One More Step to Marginalisation

You know, I still haven’t come across a single plausible explanation for why our enlightened urban planners think that Singapore can turn out to be the only city in the world where cycling is both a major mode of transport and mainly done on sidewalks. Because, as I have remarked before, the global pattern is that the most bike-friendly cities are the ones where there are the most cyclists on the roads, not on or rubbing shoulders with sidewalks. And no wonder, too: sidewalks have higher accident rates for cyclists. Note further that this is without taking into account the fact that accidents on sidewalks are already underreported relative to accidents on roads.

Ah, yes. The one more step. Sembawang and Woodlands are going the way of Tampines. The justification for it is shitty:

Surveys have indicated that both cyclists and pedestrians there seemed generally in favour of the idea of sharing the footpaths in order to get cyclists off the busy roads.

The initiative in Sembawang and Woodlands was the result of feedback from residents, who wanted to minimise accidents and conflict between cyclists and pedestrians.

Sorry to be an elitist, but most casual cyclists and pedestrians don’t know shit about transportation and urban planning research. The mistaken perceptions these residents have are worthless in the light of the myriad studies showing a higher risk of accidents on off-road paths (if the studies in my sidewalk cycling post are not enough for you, check out this long list of references).
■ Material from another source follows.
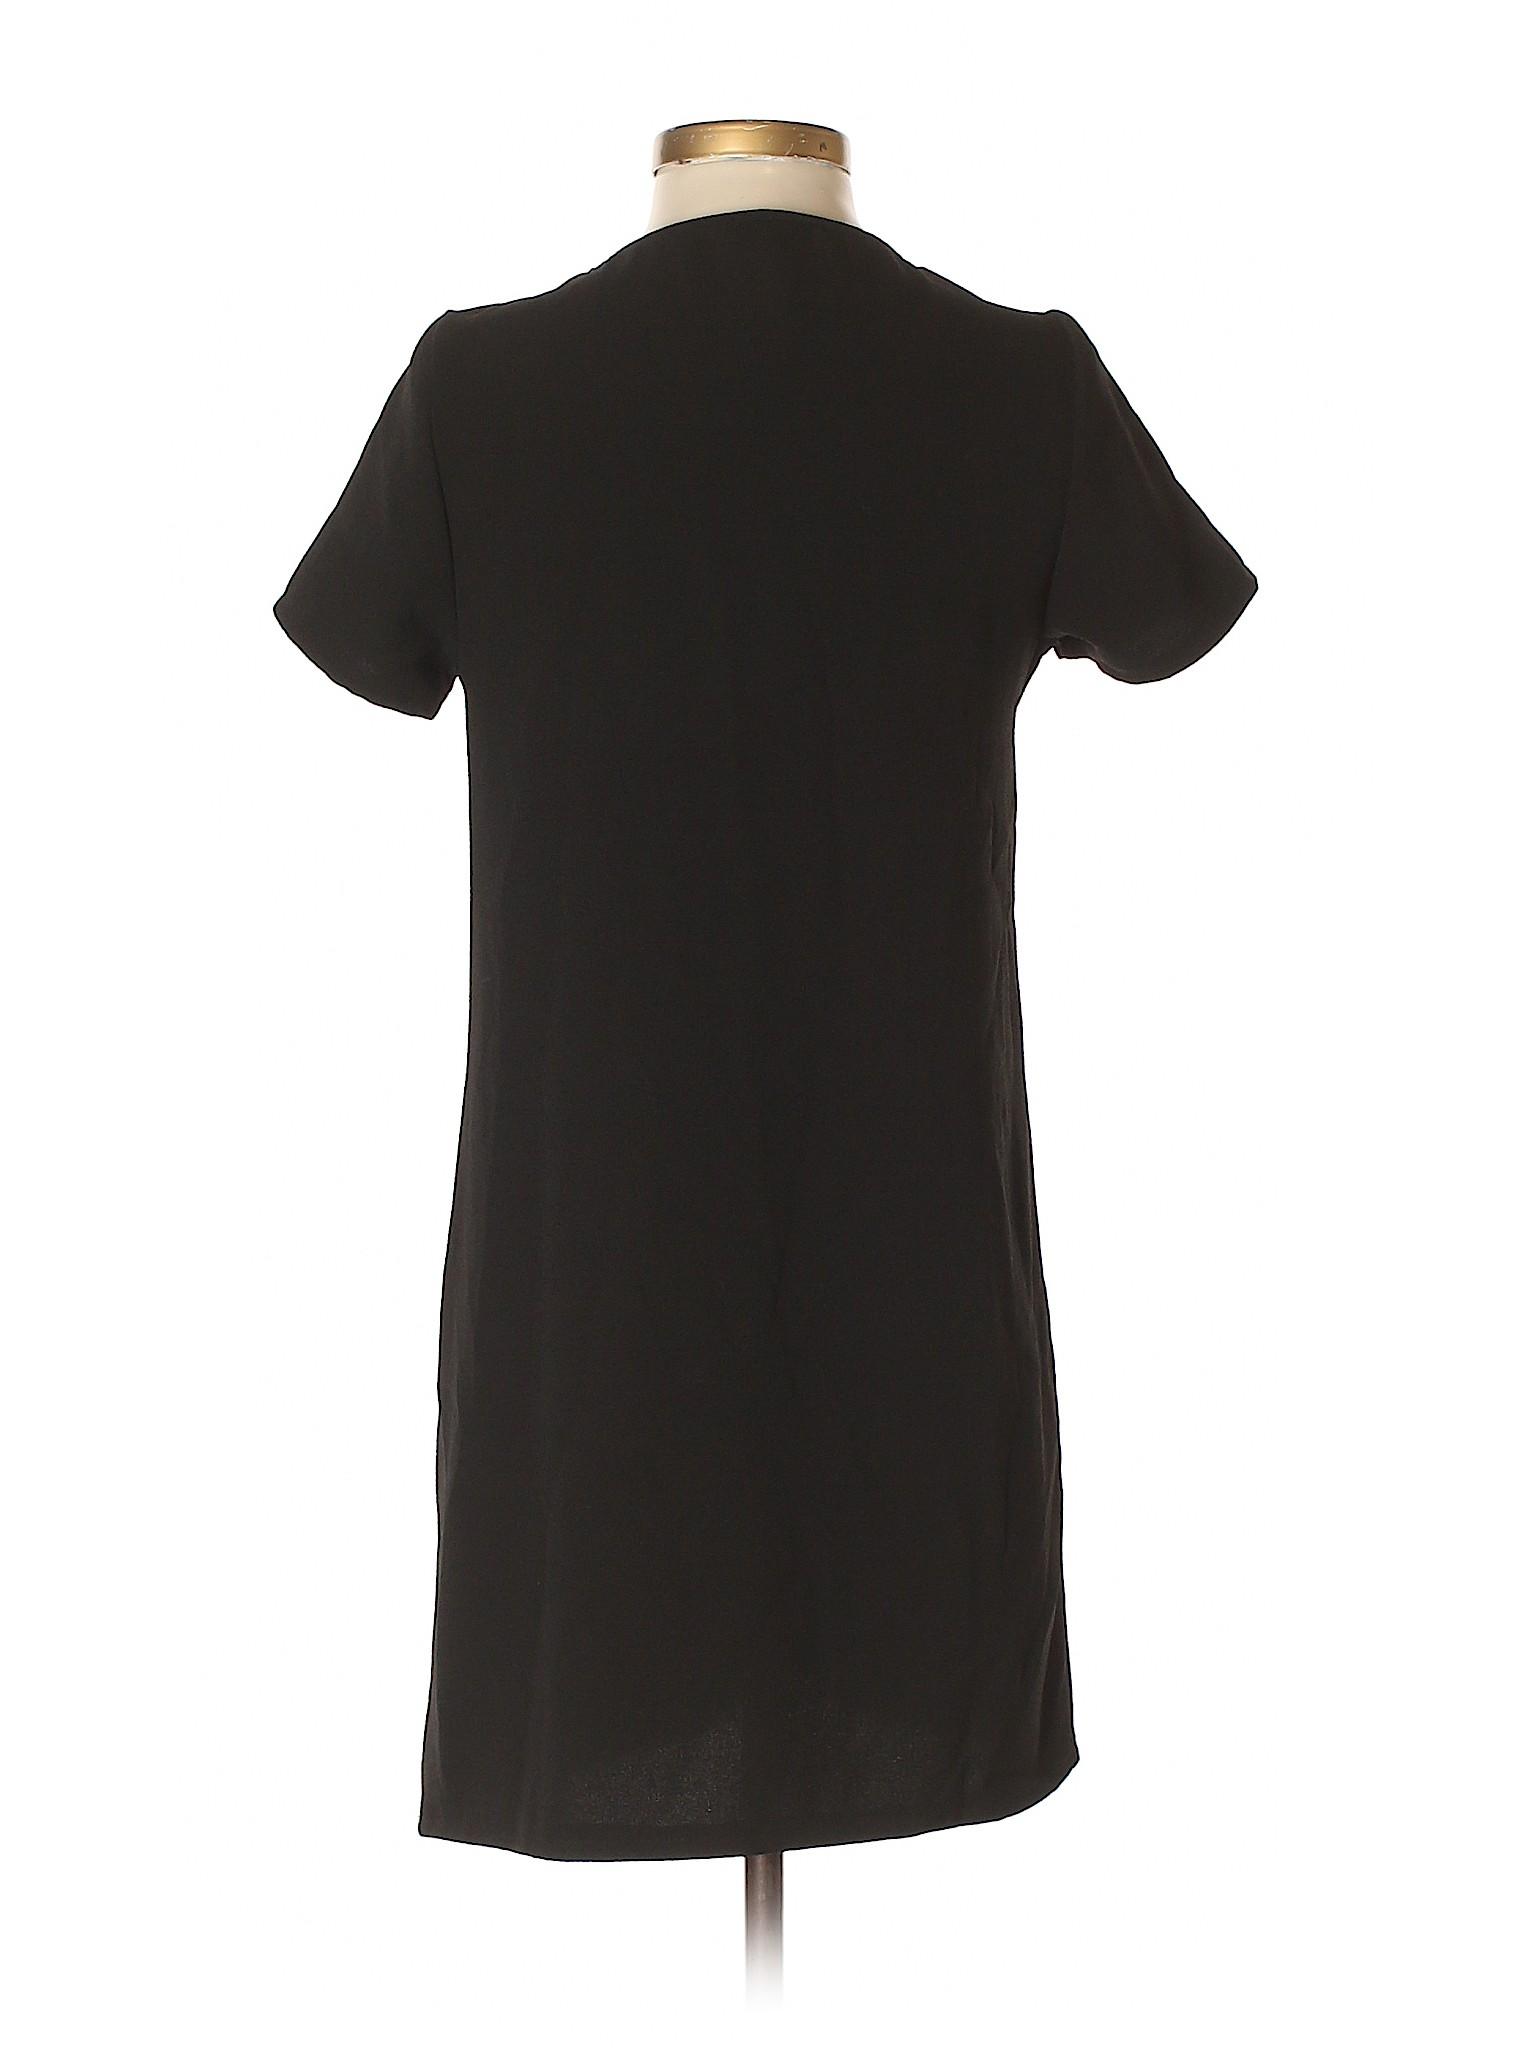 Casual Casual Teenplo Teenplo Casual Dress Selling Selling Dress Dress Selling Selling Teenplo gIppwxqZ7

I have a sneaking feeling (and I’m not the only one who thinks this) that this is part of a creeping phenomenon of driving cyclists off the roads. After all, even if they do not officially ban cyclists from the roads, how many more drivers in Sembawang and Woodlands are going to look at the new ‘cycling paths’ and think, when they next see a cyclist on the road, that that cyclist is not supposed to be there? Plenty of drivers already think that way. The last thing we need is official encouragement for the idea that cyclists do not belong on the roads. The large number of triathletes in Singapore may mean that cyclists won’t be outright banned from the roads, but you just need an increase in driver misbehavior to drive more of us off the road. And it’s hardly implausible that drivers will tend to get more tetchy when they perceive something that does not ‘belong’ on the road as obstructing their movements.


1 Response to “One More Step to Marginalisation”

  1. 1 Back2Nature June 29, 2008 at 3:29 pm

    And I wonder how “busy” are roads in Woodlands and Sembawang? 🙂 My intuition is that there must already be many cyclists in these towns, and a reason for that would be the traffic there aren’t busy. Furthermore, I also speculate that the public transport is not an acceptable choice.

    Personally, I think by simply making the width of the left most lane slight wider is good enough for me. This won’t irritate the pedestrians and reduce the challenge for vehicles to overtake cyclists on the road.

    Also, a cheaper way is to identify and label certain pedestrian paths very unsuitable for cycling based on criteria such as high human traffic, wide left most lane, a narrow pedestrian path, etc., and allow cyclists use the unlabeled ones, w/o the need to spend unnecessary resources to build cycling paths.

    Hope they allow cyclists the choice of using either the road, the cycling path, OR those suitable pedestrian paths, but not force cyclists off the road altogether. Thus, for roads w/o cycling path or suitable pedestrian path for cycling, the message would become road is the only place for bicycle.